Not that it was a cakewalk from there. As a rookie, he only played in eight games, recording more tackles on special teams than he did receptions (eight to five). He would play in 11 as a sophomore and bump his production up to 29 receptions, getting into the end zone for the first time.
It wasn’t until his junior year that he was a starter, which saw him catch 50 passes for 639 yards and four touchdowns. Then, in his senior year during the 2019 season, he went off, catching 66 passes for 1037 yards and 13 touchdowns, which was top-10 in the nation.
How did he continue to get better year after year? That was what one reporter asked him yesterday during his conference call with the media soon after the Pittsburgh Steelers made him their second-round pick. He had a simple enough explanation for it.
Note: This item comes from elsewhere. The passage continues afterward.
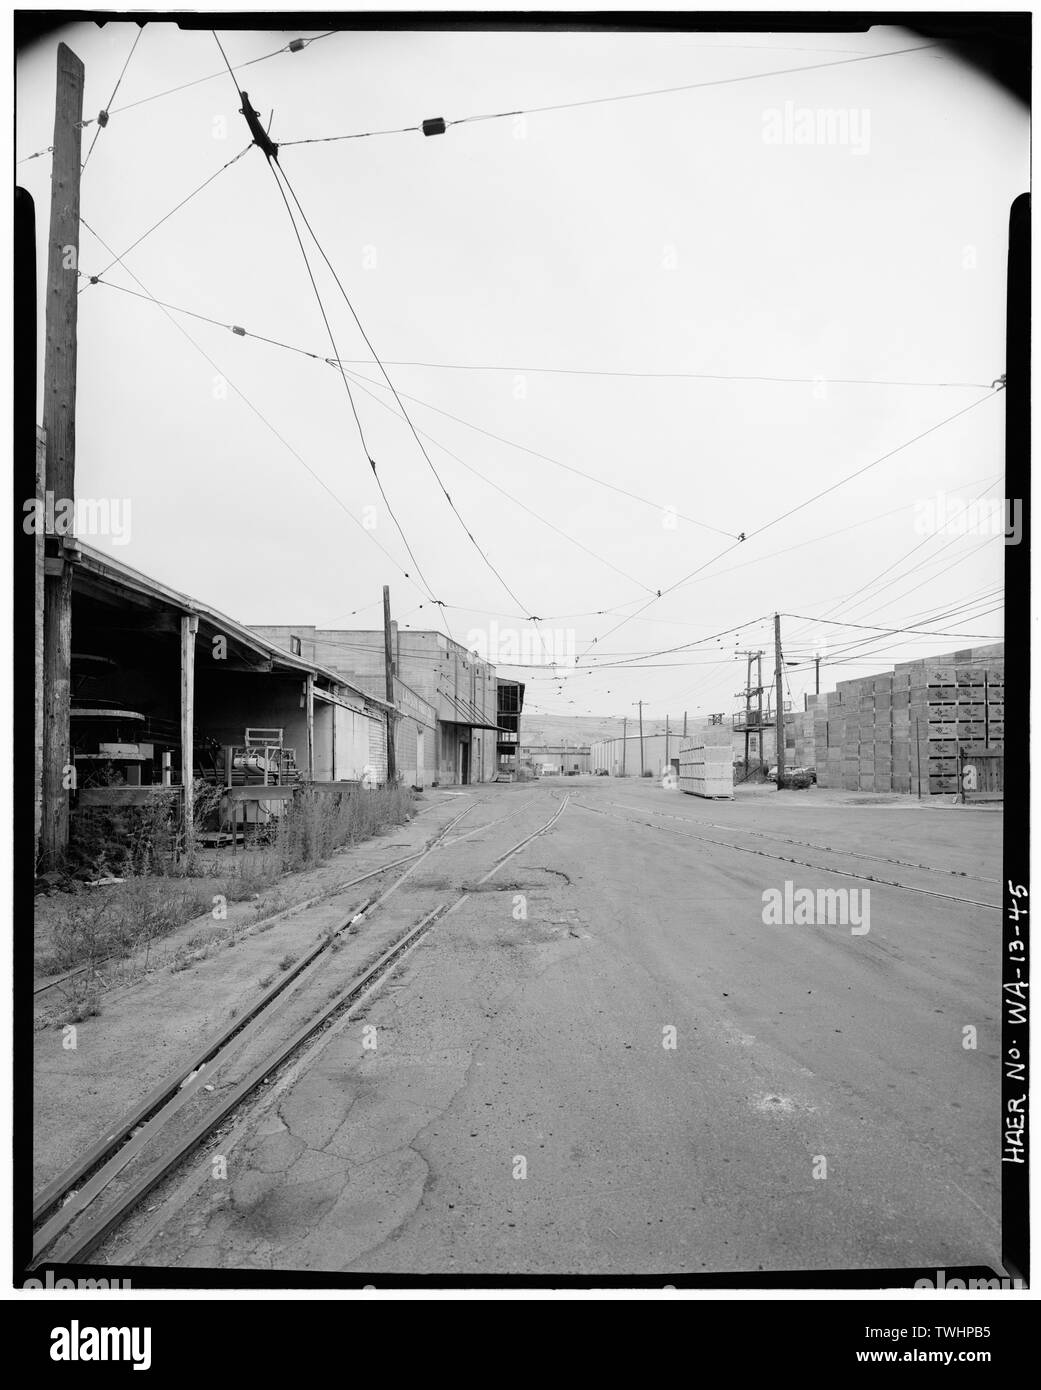 SELAH LINE, LOOKING NORTHEAST, SHOWING END OF LINE AT LARSON FRUIT COMPANY - Yakima Valley Transportation Company Interurban Railroad, Connecting towns of Yakima, Selah and Wiley City, Yakima, Yakima County, WA; Kenly, Edward M; Whitson, Edward; Sawyer, William P; Scudder, Henry B; Yakima Inter-Valley Traction Company; Splawn, A J; Rankin, George S; Niles Car Company; Yearby, Jean P, transmitter; Johnsen, Kenneth G, historian; Schmidt, Jigger, photographer Stock Photo
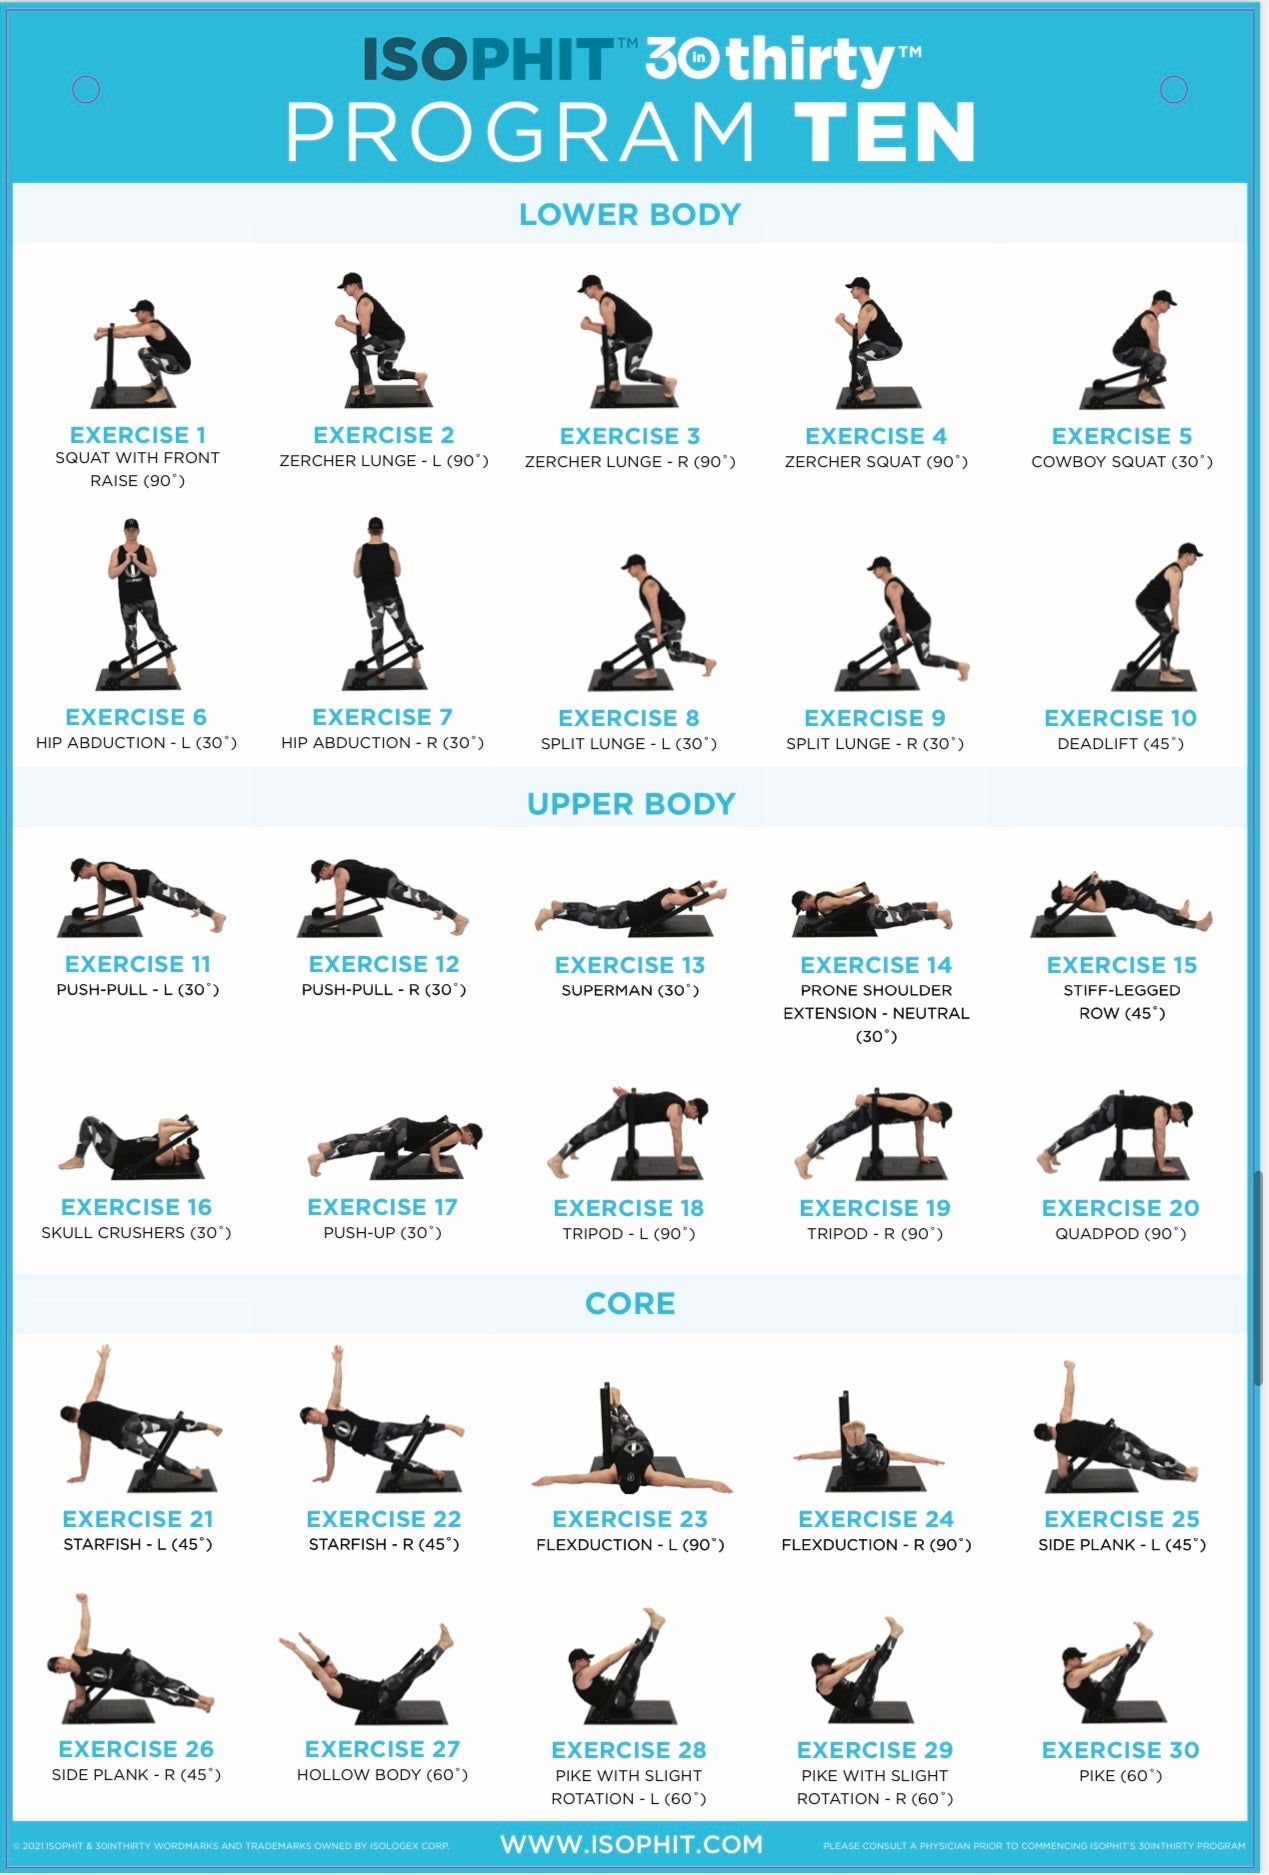 30inThirty™ Strength Series - [15 Digital Posters]

“I think a big part of that was confidence”, he said. “Just being put in that situation, and then making those plays and knowing you can make those plays, it’s so much easier to make that play again and again. That’s something that just came with how we work in practice and all that, and I think once I acquired that confidence”, he added, it allowed his play to blossom.
Basically, the more he played, and the more he succeeded, the more comfortable he was in that role and in himself, and in his belief that he was capable of doing that. Still 21 years old (he turns 22 in July), Claypool still has a lot of room to grow—professionally, though not physically.
The 6’4”, 229-pound specimen was tossed around by draftniks as a possible tight end conversion. While he has an aptitude for blocking, however, it is in the capacity of a wide receiver, where he should be an asset, and the Steelers have been clear that that is where he will play, primarily on the outside but with some slot versatility.
The introduction of Claypool to the roster makes for a wide receiver room that is becoming crowded, joining JuJu Smith-Schuster, James Washington, and Diontae Johnson at the top of the depth chart, each of whom, consecutively, were drafted between 60 and 66 between the 2017 and 2019 NFL Drafts.
Coming off a breakout season in his final collegiate campaign, the Notre Dame product is bursting with confidence and ready to take on the next challenge: the NFL.